The proportion by weight of the amide-group-containing monomer (a2) is preferably 0.1% or more by weight of the above-mentioned monomer components to restrain a rise of the layer in surface resistance value with time (particularly in a humidity environment). The proportion by weight is preferably 0.3% or more by weight, more preferably 0.5% or more by weight. If the proportion by weight becomes too large, the anchor power of the pressure-sensitive adhesive layer to the polarizing film or some other substrate film tends to be lowered. Thus, the proportion by weight is preferably 35% or less by weight, more preferably 30% or less by weight, even more preferably 25% or less by weight.
Besides the above-mentioned monomer units, the following may be introduced into the (meth) acrylic polymer (A) by copolymerization to improve the pressure-sensitive adhesive layer in adhesiveness and heat, resistance: one or more copolymerizable monomers each having a polymerizable functional group having an unsaturated double bond, such as a (meth) acryloyl group or a vinyl group.

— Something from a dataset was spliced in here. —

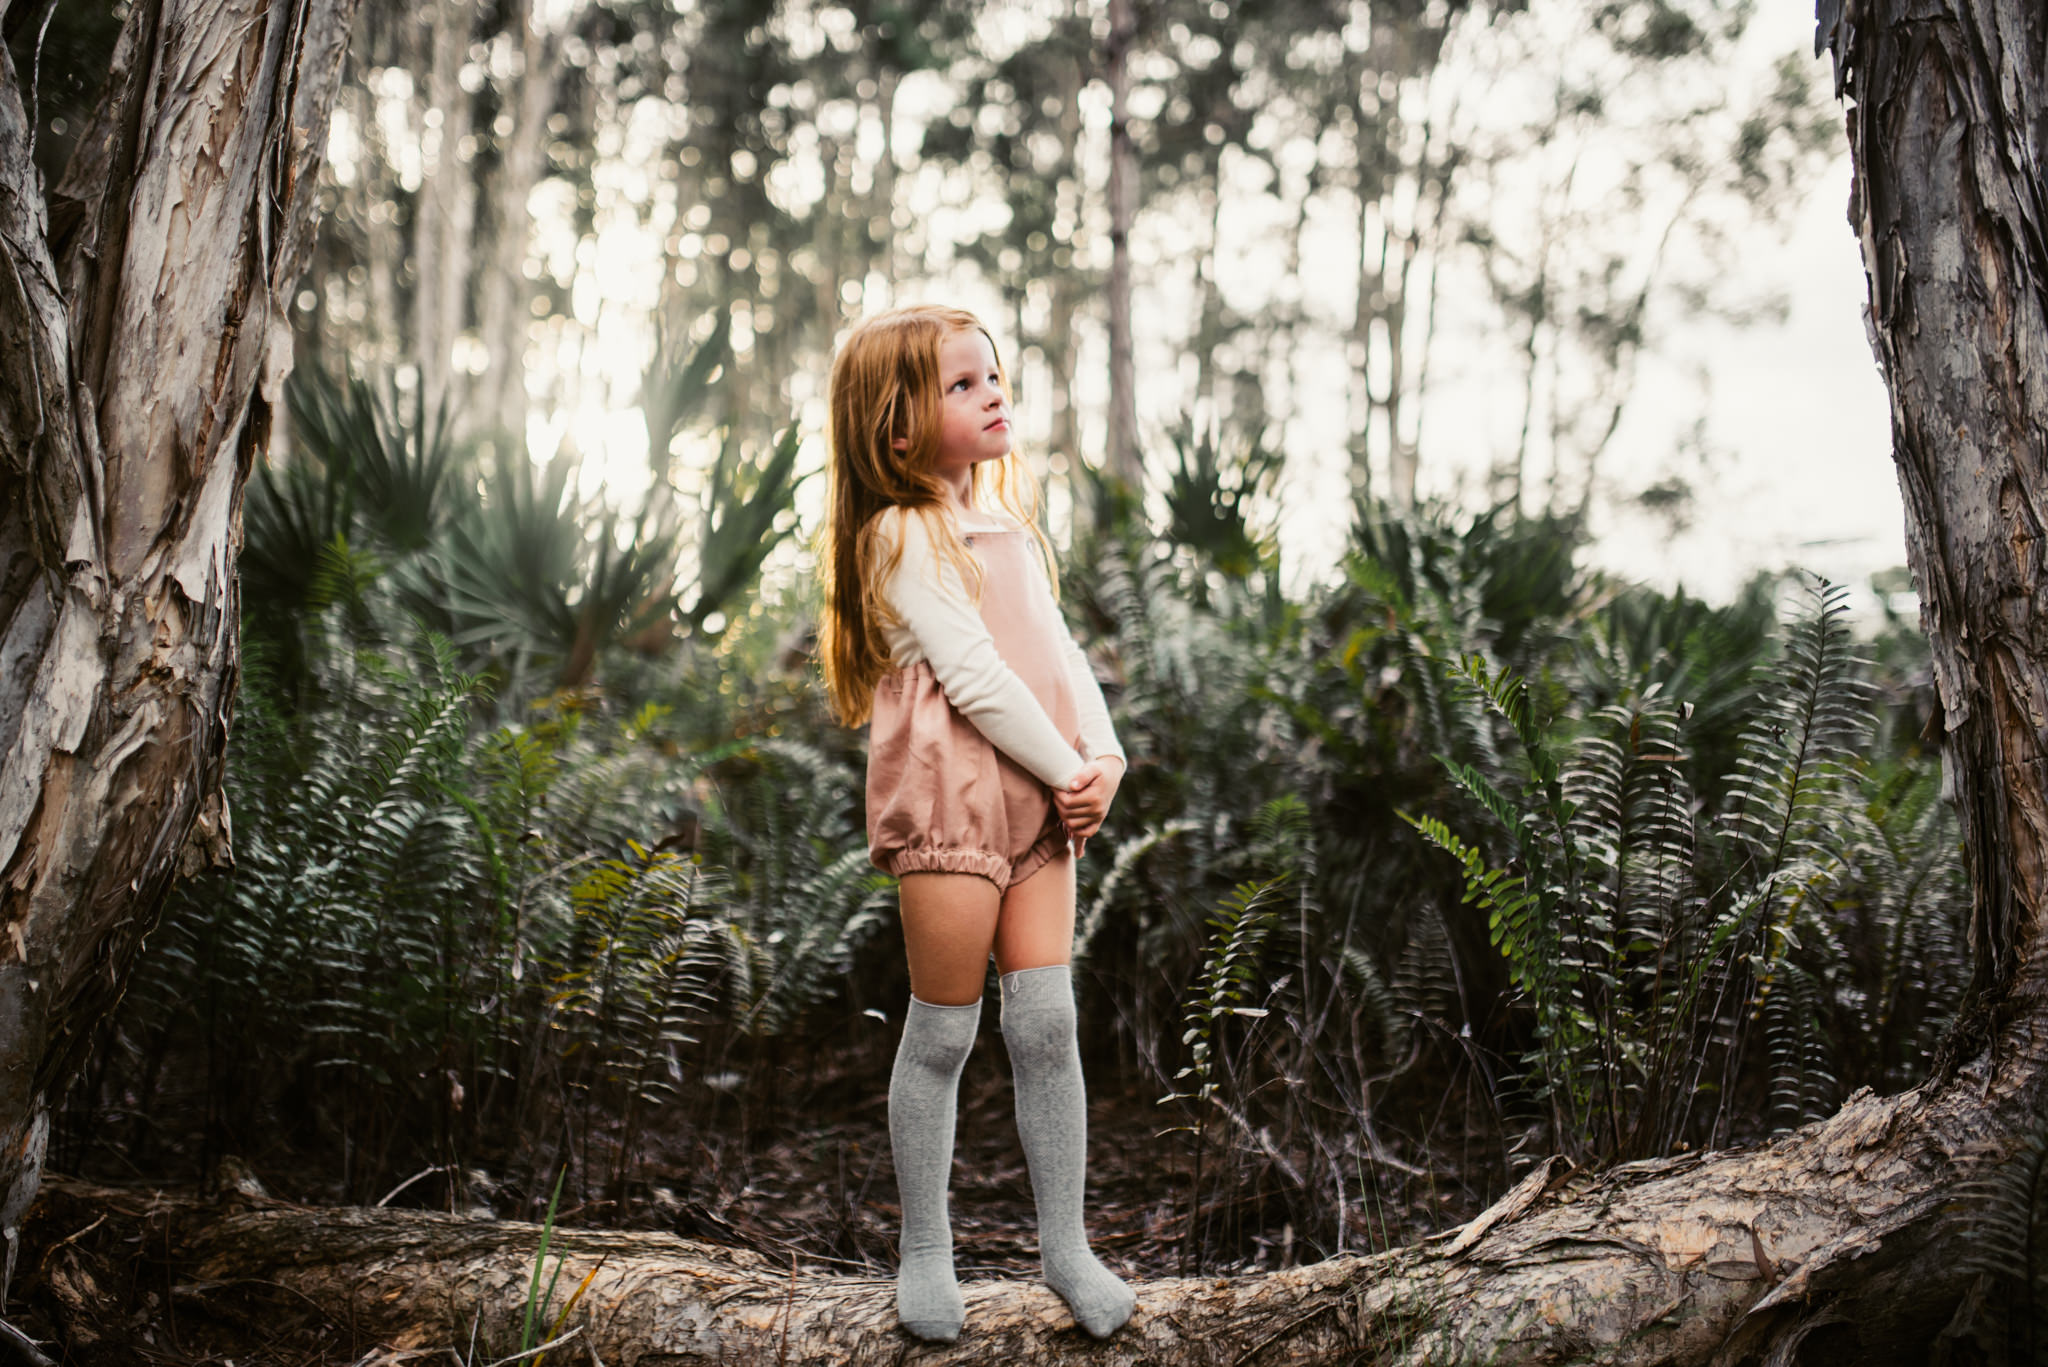 twyla jones photography - treasure coast florida - childrens adventure clothing commercial shoot--28.jpg

The copolymerizable monomer (s) may (each) be, for example, an aromatic-ring-containing (meth) acrylate. The aromatic-ring-containing (meth) acrylate is a compound containing, in the structure thereof, an aromatic ring structure and a (meth) acryloyl group. Examples of the aromatic ring include benzene, naphthalene and biphenyl rings.
Specific examples of the aromatic-ring-containing (meth) acrylate include benzyl (meth) acrylate, phenyl (meth) acrylate, o-phenylphenol (meth) acrylate phenoxy (meth) acrylate, phenoxyethyl (meth) acrylate, phenoxypropyl (meth) acrylate, phenoxydiethylene glycol (meth) acrylate, ethylene-oxide-modified nonylphenol (meth) acrylate, ethylene-oxide-modified cresol (meth) acrylate, phenol-ethylene-oxide-modified (meth) acrylate, 2-hydroxy-3-phenoxypropyl (meth) acrylate, methoxybenzyl (meth) acrylate, chlorobenzyl (meth) acrylate, cresyl (meth) acrylate, polystyryl (meth) acrylate, and other (meth) acrylates each having a benzene ring; hydroxyethylated-β-naphthol acrylate, 2-naphthylethyl (meth) acrylate, 2-naphthoxyethyl acrylate, 2-(4-methoxy-1-naphthoxy) ethyl (meth) acrylate, and other (meth) acrylates each having a naphthalene ring; and biphenyl (meth) acrylate, and other (meth) acrylates each having a biphenyl ring.
The aromatic-ring-containing (meth) acrylate is preferably benzyl (meth) acrylate, or phenoxyethyl (meth) acrylate, in particular preferably phenoxyethyl (meth) acrylate from the viewpoint of adhesive properties and the endurance of the first pressure-sensitive adhesive layer.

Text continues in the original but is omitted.